Stinson and Golda have devised workout plans to help him counter the physical demands of his job, where he has to stand and perform surgeries and make rounds to care for eight to 10 people. He’s had lower back issues and muscle strain, which he and Lindsey addressed by working together to strengthen his core.

Golda has extra motivation to work hard as well: there’s a history of heart disease in his family. He wants to see his two little girls grow up and have children of their own. “I want to be able to have useful life where I’m living full and active, doing things and engaging with my family and my friends for as long as possible,” he says.

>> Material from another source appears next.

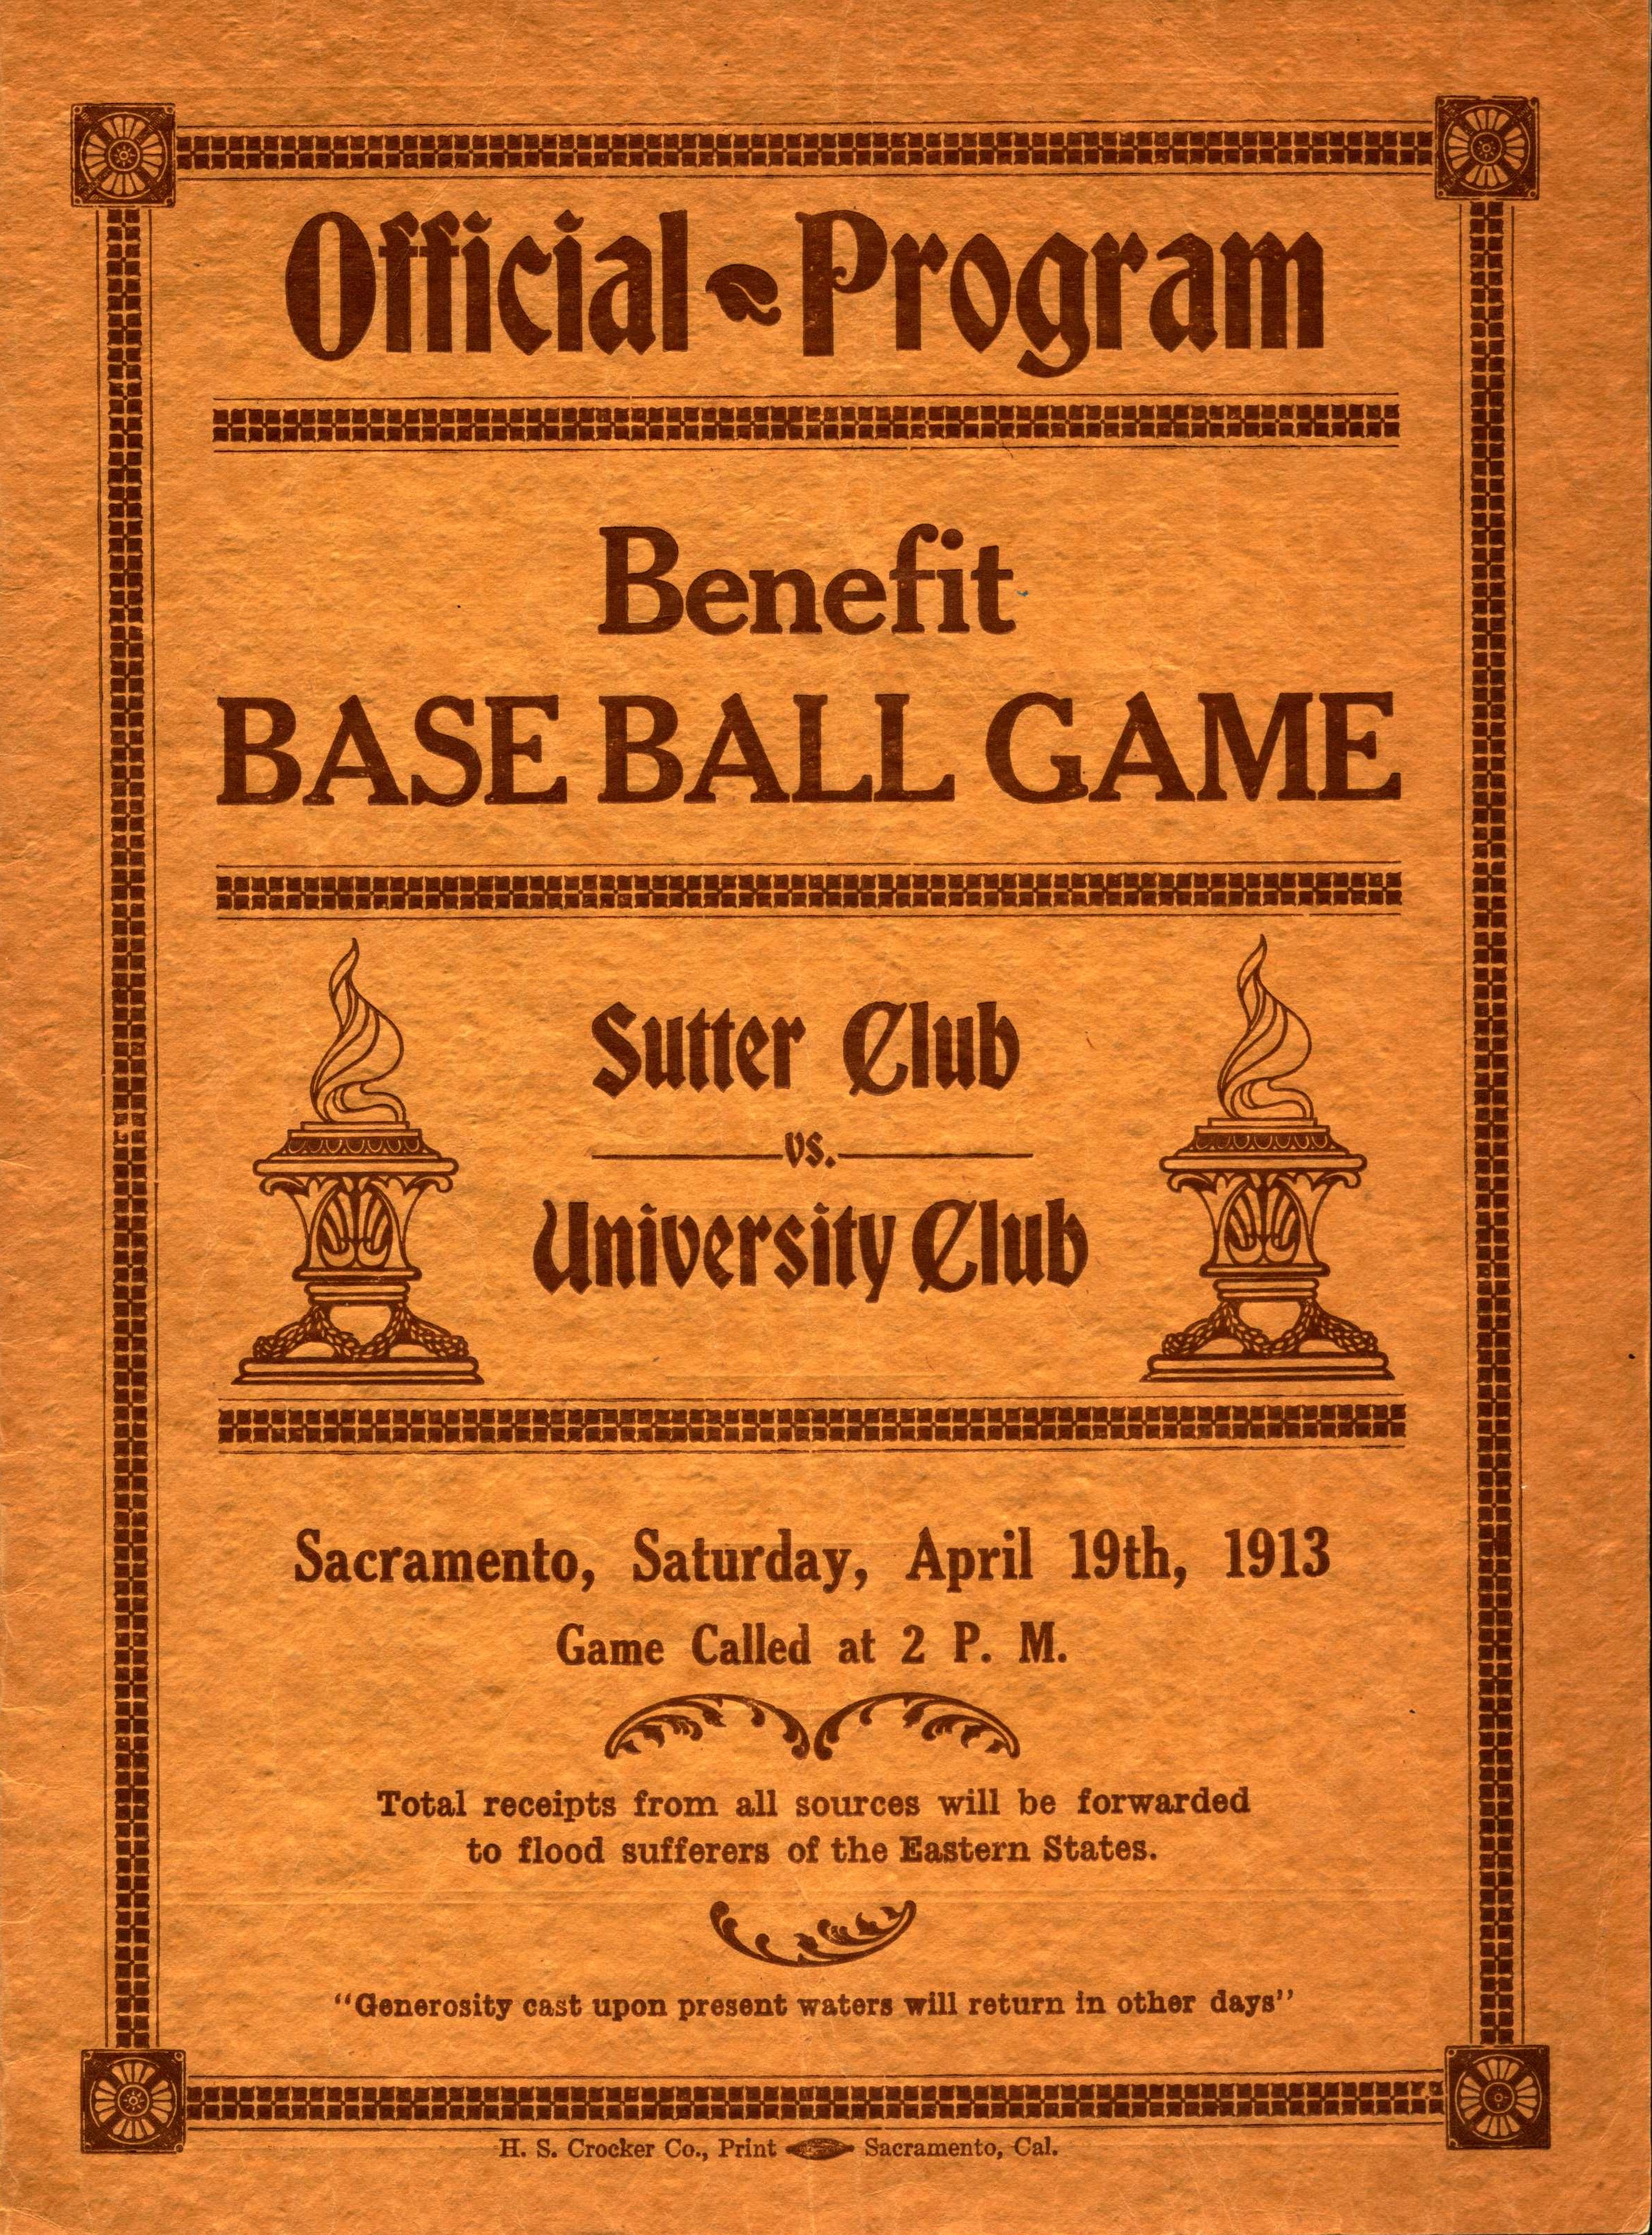 Cover shows information about the baseball game including who played, the date, location and purpose for the benefit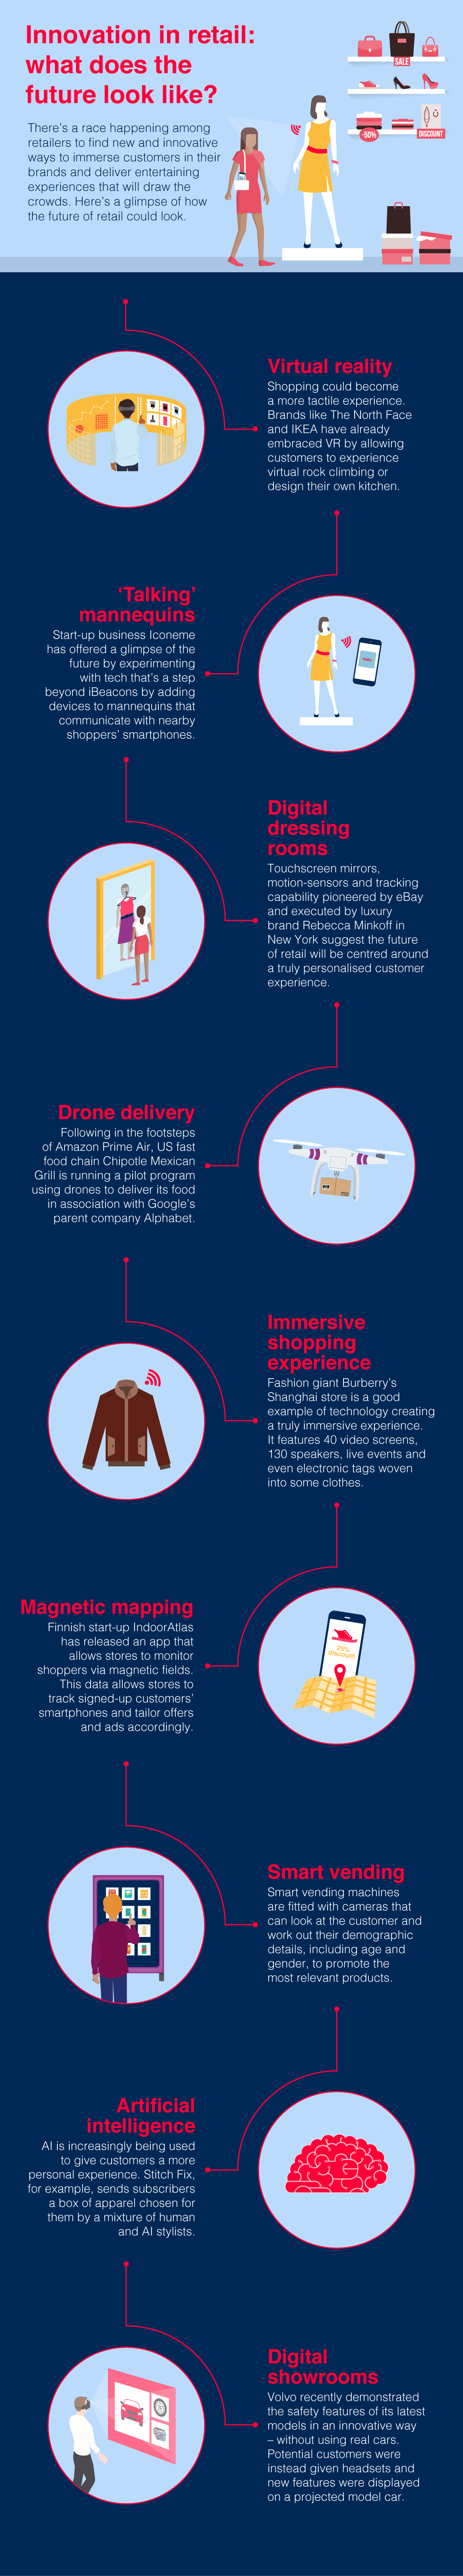 future of retail infographic

Considering Golda lives in Pierpont and Stinson’s gym is in Hallsville (about a 30-minute drive), his commitment to keep working with Stinson speaks volumes about their shared dedication to his goals. “I give Nick the opportunity to Skype if he wants because of his busy schedule,” she says, “but he knows he works so much harder here and he makes it a point to come . . . the one thing I love about our relationship is I know he’s committed. He makes that effort and he realizes getting here is going to make him better in the long run.”

To Golda, it’s an ongoing investment of invaluable time. “I’ve seen the results,” he says. “There is no room to dispute this is time well spent. I’m accomplishing something with Lindsey I wouldn’t be able to provide for myself. This journey for me has been one where I focus on myself and I’ve got accountability and I see results. You can’t beat that.”